Передние десять подвод уже шли по самому днищу оврага, а замыкающие обоз только начали спускаться, когда из далекого отрога, заросшего ветвистым лозняком, с гиком выскочили восемь всадников. Они устремились наперерез ведущей упряжке, а еще семь ринулись на хвостовые подводы. Обоз как по команде замер. Но не весь. На пяти задних подводах в одно мгновение был сброшен брезент, полетели вниз набитые травой мешки. Грузные, медленно ползшие до этого возы превратились в тачанки с тупорылыми стволами пулеметов, а запыленные возницы — круто разворачивали коней…
Минуту, другую стоял непрерывный грохот выстрелов.

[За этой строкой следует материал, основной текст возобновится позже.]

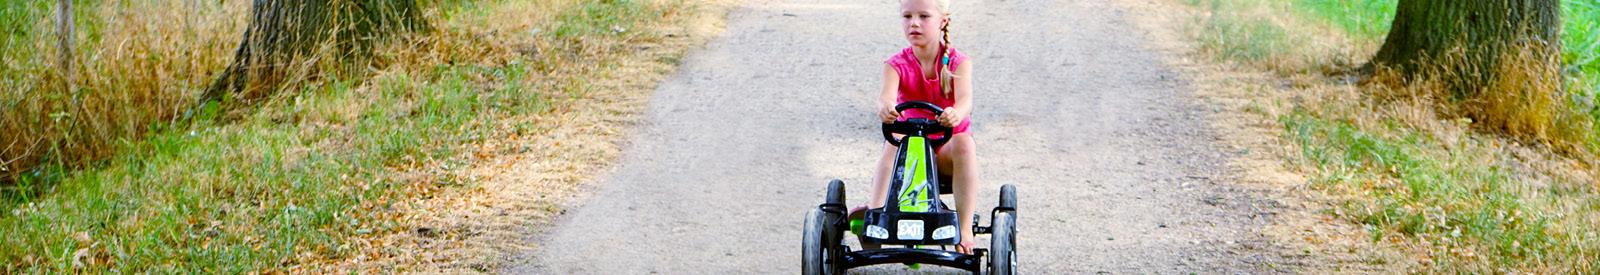 Kinderfietsen en rijtuigen

Ржали вздыбленные на всем скаку откормленные кони бандитов, кто-то вопил, прося пощады, другие навсегда смолкли, выбитые из седла пулями, разбросав по земле руки. Трое всадников рванулись было обратно в степь. Но чоновцы на тачанках тоже знали свое дело — выскочив из оврага, они вновь развернулись, посылая вдогонку короткие очереди.
Двух уцелевших и оторвавшихся от погони окружила полусотня Шорвы, шедшая на рысях навстречу обозу.
Среди убитых и пленных не оказалось Цабирова. Посылая на рискованное задание послушную ему свору, он остался с двумя телохранителями в хотоне.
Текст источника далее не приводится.